__Problem description__
Please output the line containing "Saint-pétersbourg, Russie. Le" and all lines that follow it in the data below, exactly, with no pictures.

__Information shown__
┏━━

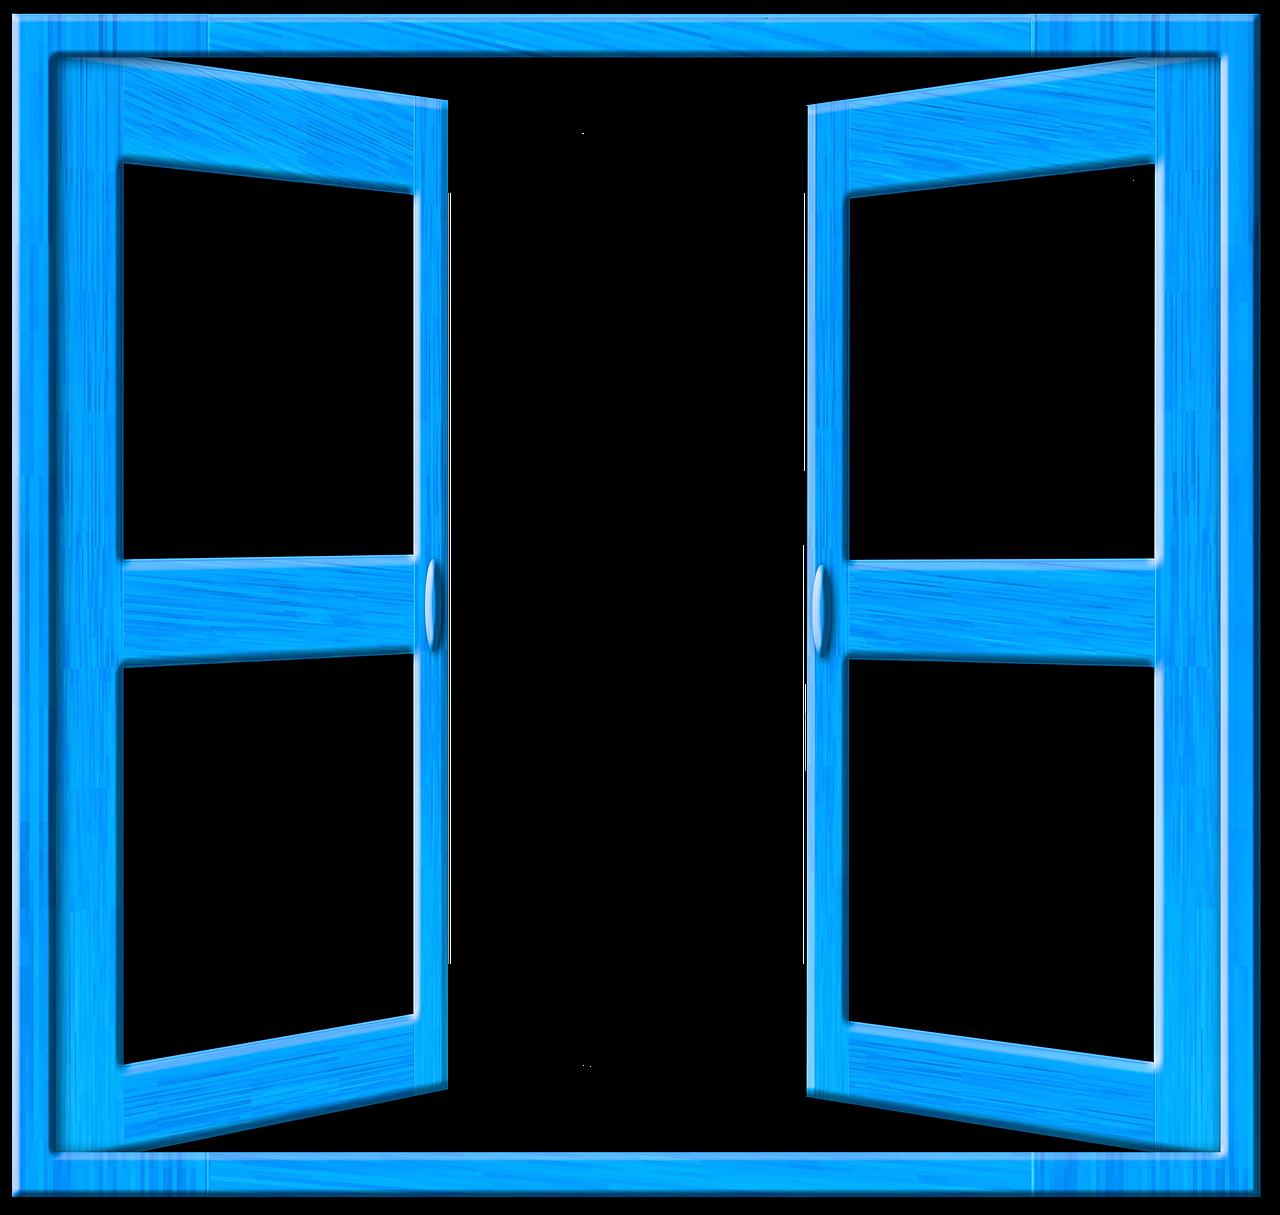 Matkabezkitu A Jednak Okno Oknu Nier 243 Wne
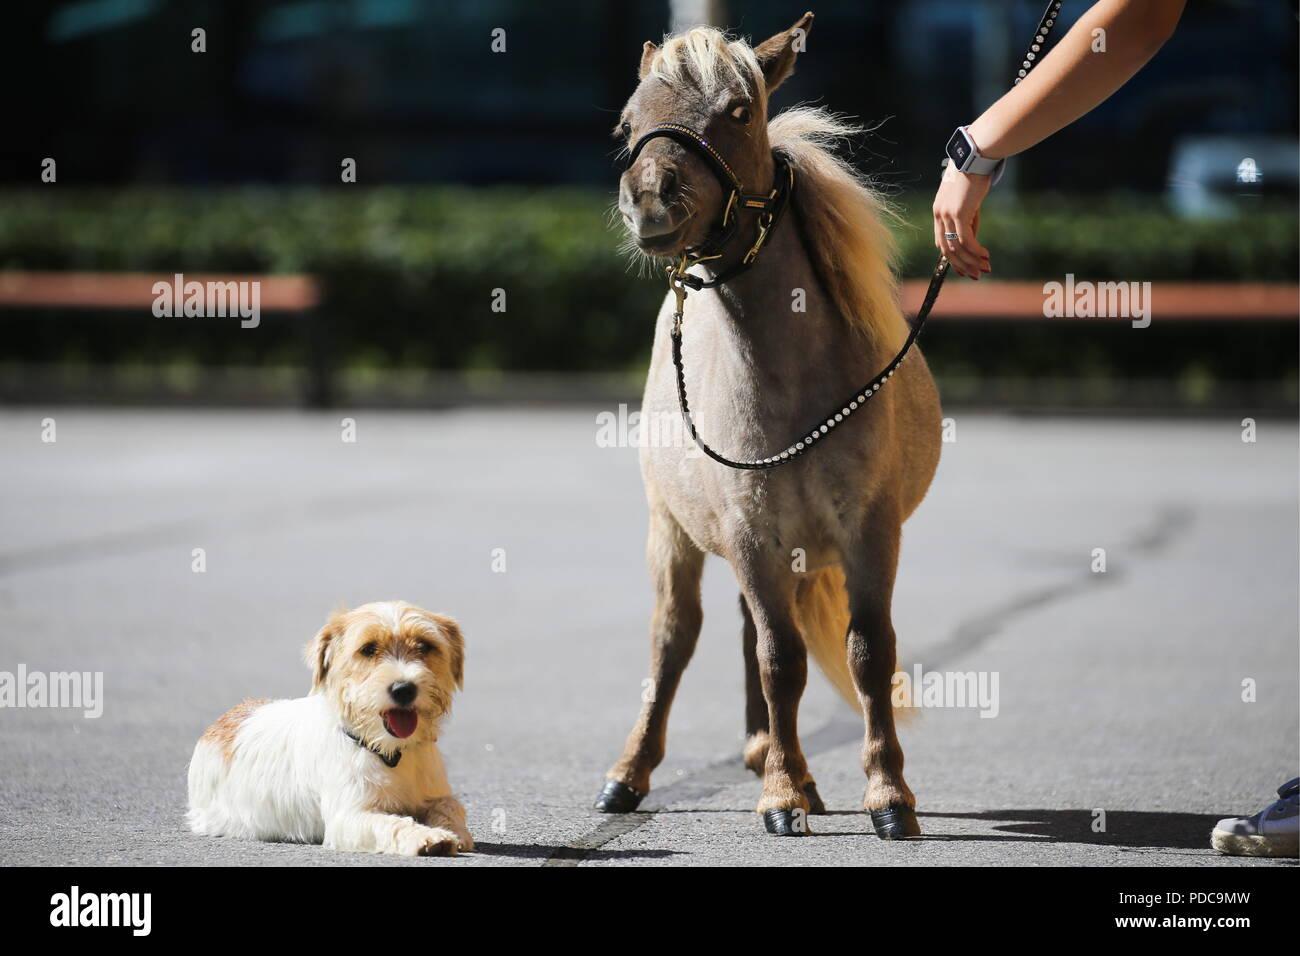 Saint-pétersbourg, Russie. Le 08 août, 2018. Saint-pétersbourg, RUSSIE - Août 8, 2018: Gulliver, le cheval le plus petit au monde, et d'un chiot à la 20e Hipposphere exposition équestre internationale à l'Expoforum Convention and Exhibition Centre. La hauteur au garrot du cheval né d'un couple de chevaux miniatures américains à l'hidalgo pony farm, est de 49 cm (19.29 in). Peter Kovalev/crédit: TASS ITAR-TASS News Agency/Alamy Live News Banque D'Images
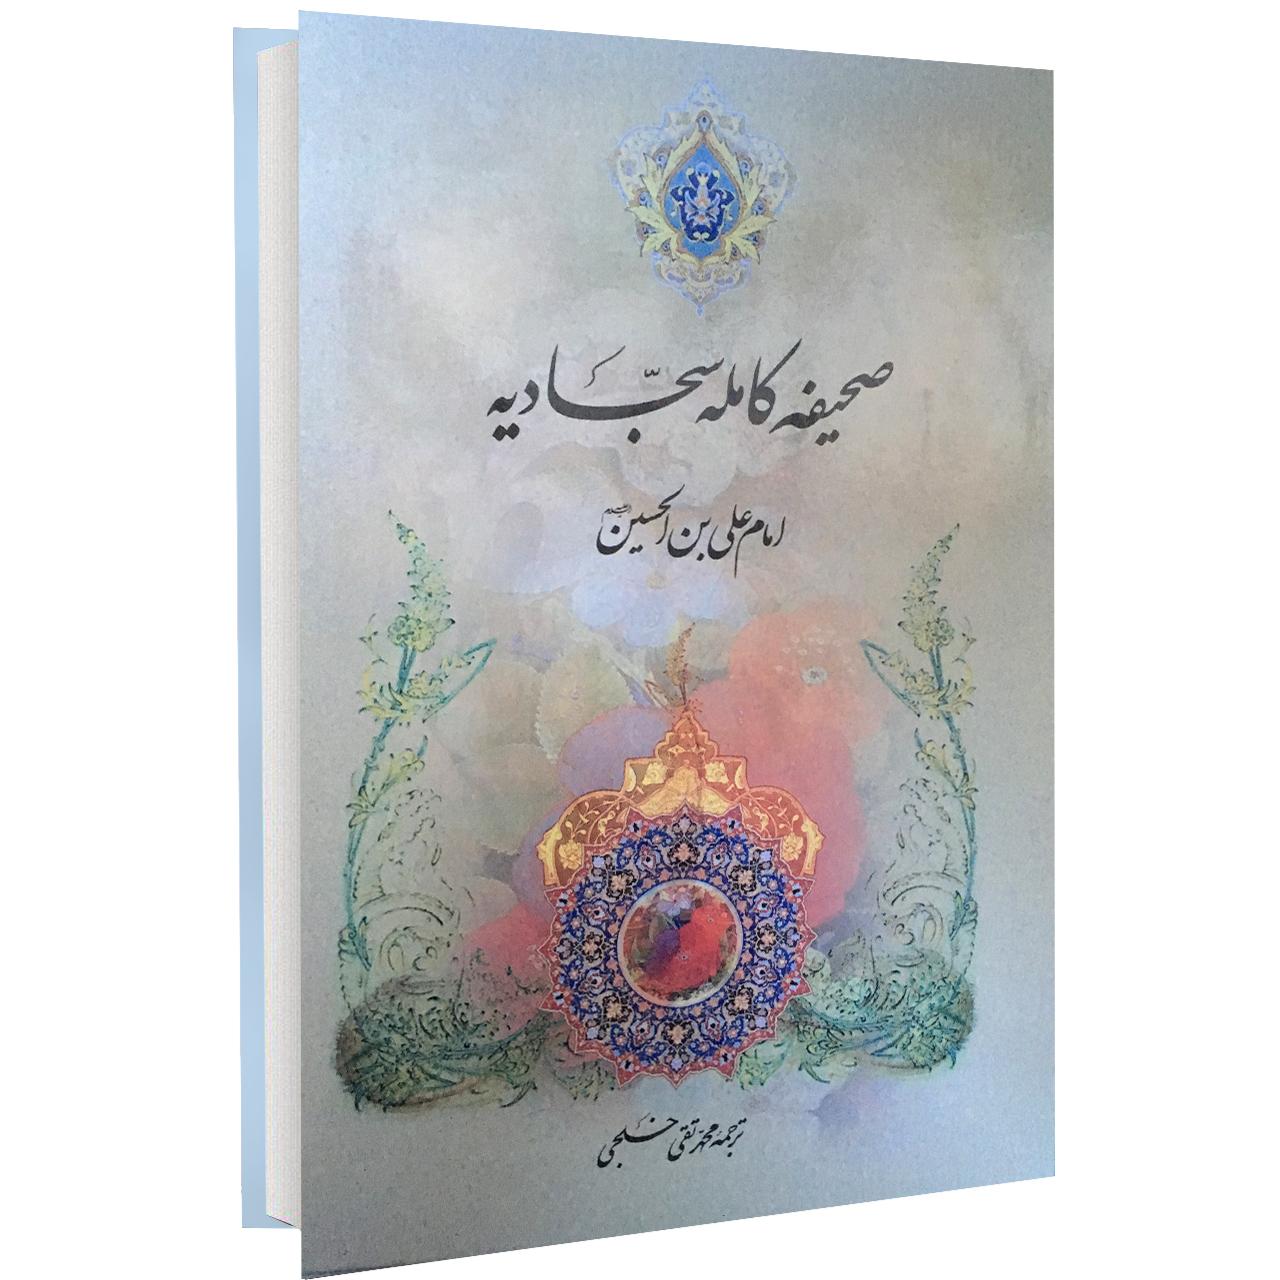 خرید                      کتاب صحیفه کامله سجادیه اثر علی بن الحسین (ع) نشر میثم تمار
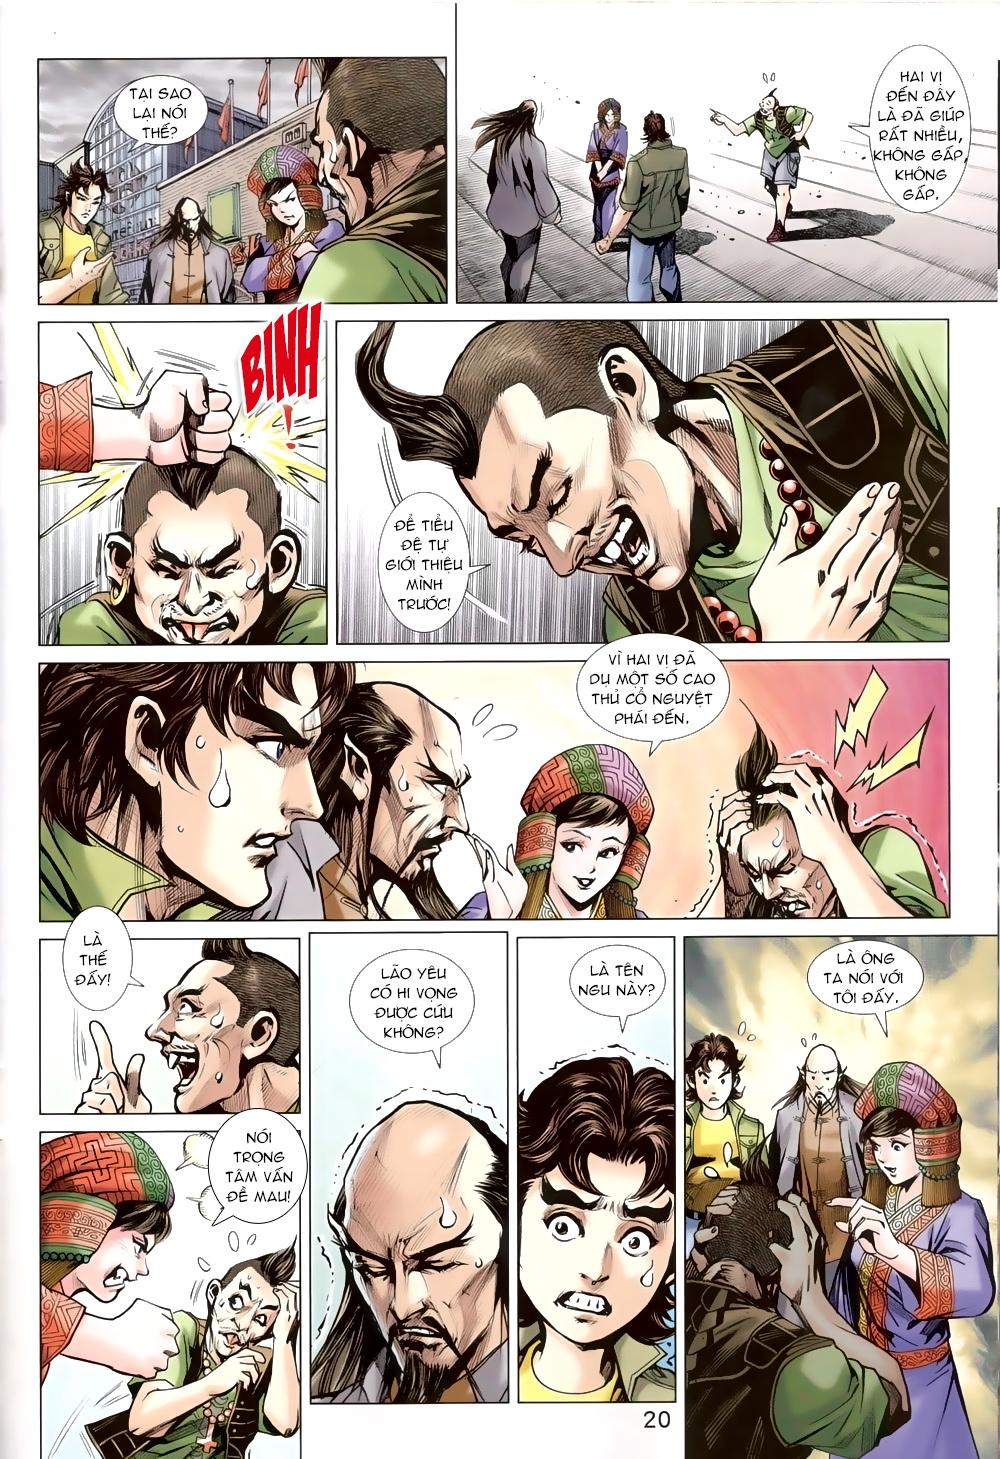 Tân Tác Long Hổ Môn chap 820 Trang 19 - Mangak.info

┗━━

__Solved problem__
 Saint-pétersbourg, Russie. Le 08 août, 2018. Saint-pétersbourg, RUSSIE - Août 8, 2018: Gulliver, le cheval le plus petit au monde, et d'un chiot à la 20e Hipposphere exposition équestre internationale à l'Expoforum Convention and Exhibition Centre. La hauteur au garrot du cheval né d'un couple de chevaux miniatures américains à l'hidalgo pony farm, est de 49 cm (19.29 in). Peter Kovalev/crédit: TASS ITAR-TASS News Agency/Alamy Live News Banque D'Images
 خرید                      کتاب صحیفه کامله سجادیه اثر علی بن الحسین (ع) نشر میثم تمار
 Tân Tác Long Hổ Môn chap 820 Trang 19 - Mangak.info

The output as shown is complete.